VAN NATIONALE ONMACHT NAAR SUPRANATIONALE MACHT
Dinsdag, 26 maart hebben 56.000 Nederlanders via een handtekeningenactie aan de Tweede Kamer laten weten, dat een referendum noodzakelijk is wanneer nog meer nationale bevoegdheden aan De Europese Unie, aan “Brussel”, worden overgedragen. Allemaal niet verwonderlijk, waant onze vaderlandse geschiedenis kent soortgelijke weerstanden bij de groei naar een nationale eenheidsstaat. Wat brengt mensen tot verzet tegen een voortgaande Europese integratie? De initiatienemers beweren, dat minder Europese regelgeving en een lossere band tussen de lidstaten beter zal werken. Ze willen terug naar de Europese Economische Gemeenschap. Waarom hebben opeenvolgende nationale regeringen dan toch ingestemd met toenemende gezamenlijke besluitvorming in plaats van moeizame bilaterale onderhandelingen. Want als er bij de werking van de gemeenschappelijke markt problemen optreden, dan moeten die toch worden opgelost. Op heel natuurlijke wijze is men tot de meest effectieve oplossing van gezamenlijke besluitvorming gekomen. Stel je voor, dat al die landen afzonderlijk met elkaar zouden moeten onderhandelen over de oplossing van de problemen in het wederzijdse verkeer. Wat een oenen om zoiets te bedenken zal elke nuchtere Hollander zeggen.

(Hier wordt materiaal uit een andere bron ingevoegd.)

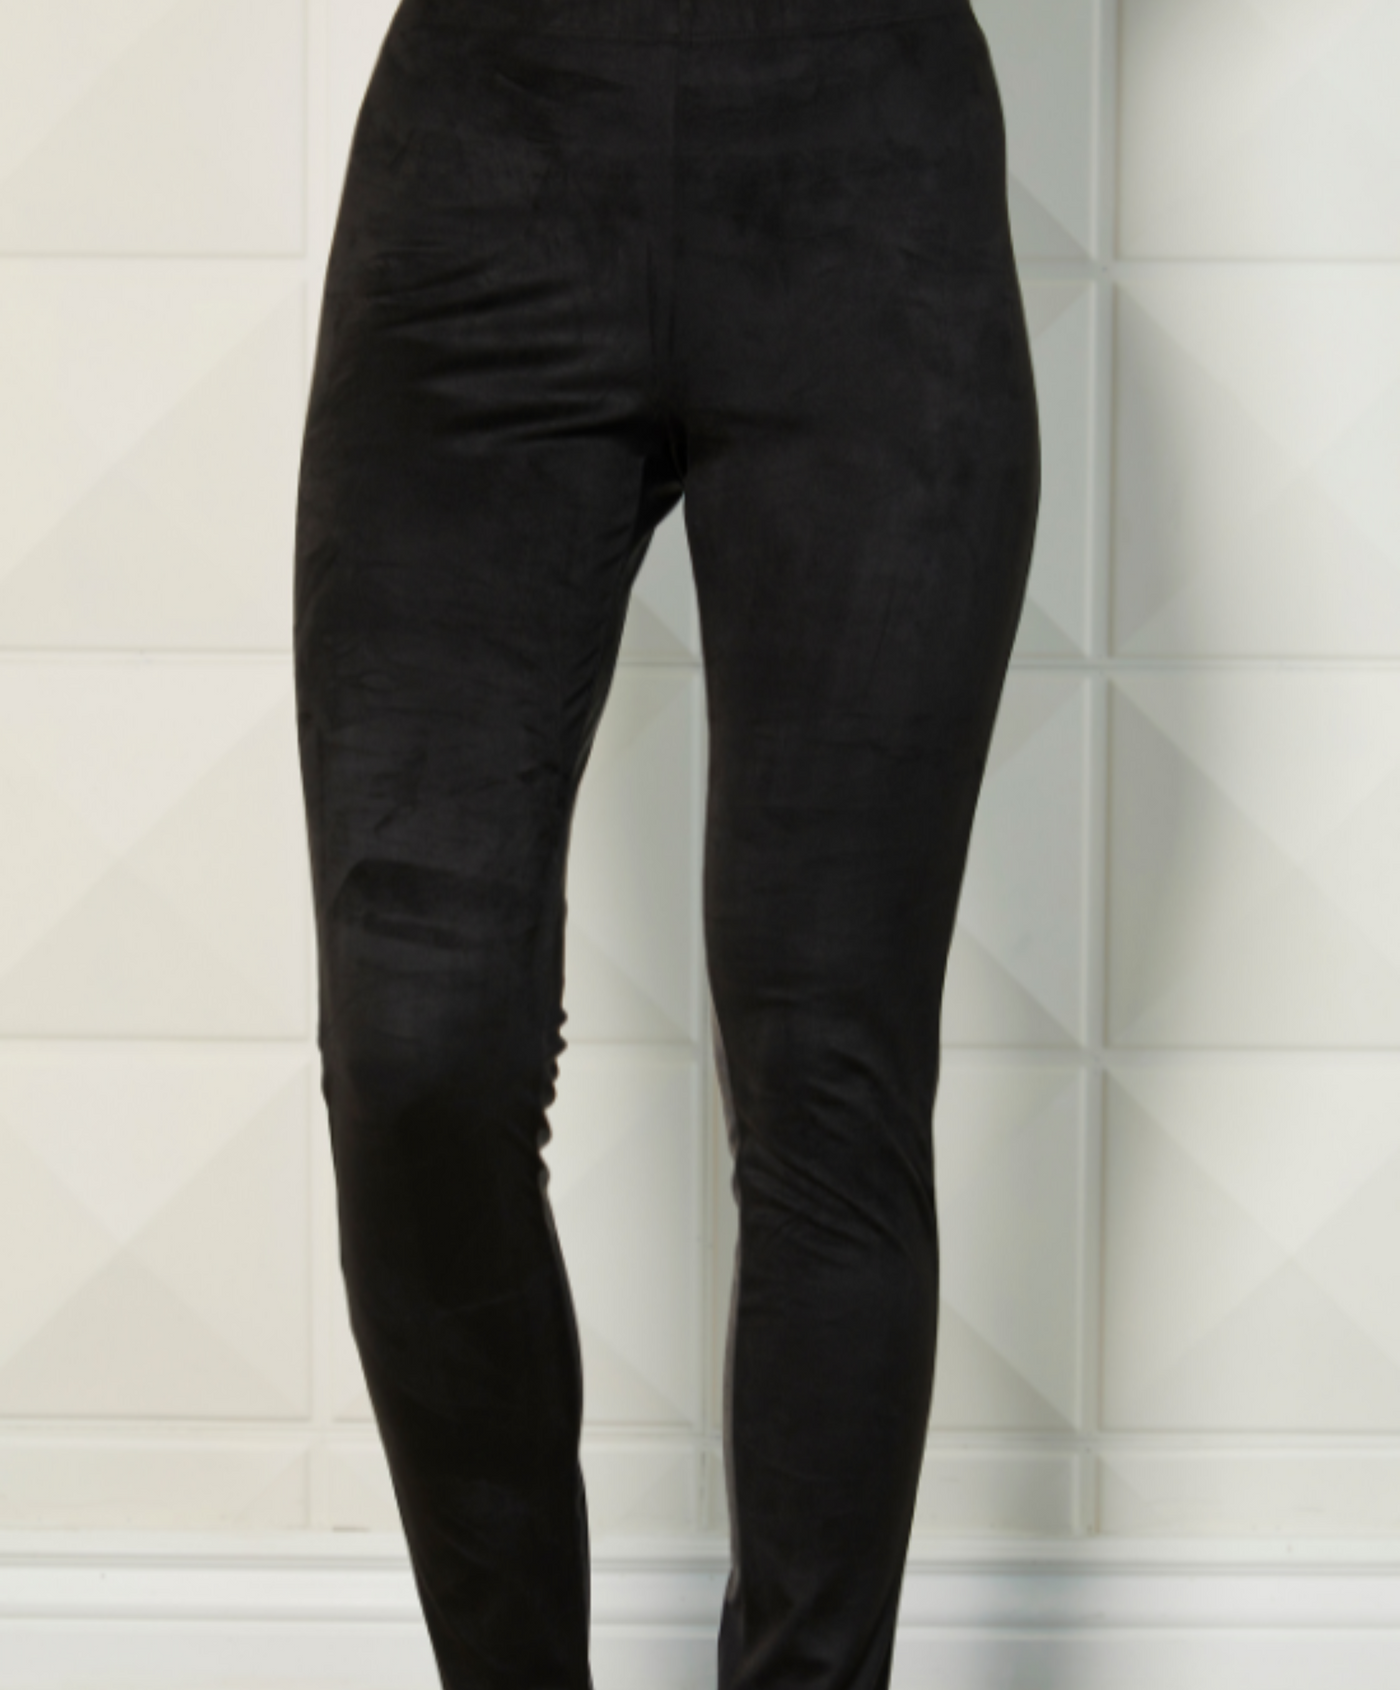 Vegan Leather/Suede Pant

Steeds meer verschijnselen spelen zich af op Europese schaal. Wanneer er regelend moet worden opgetreden is regeling in het kader van de EU het meest doelmatig. Dan geldt de wetgeving voor het gehele grondgebied van de EU en hebben we geen last meer van allerlei verschillen. Onze soevereiniteit delen we wat betreft dit onderwerp met alle inwoners van de EU.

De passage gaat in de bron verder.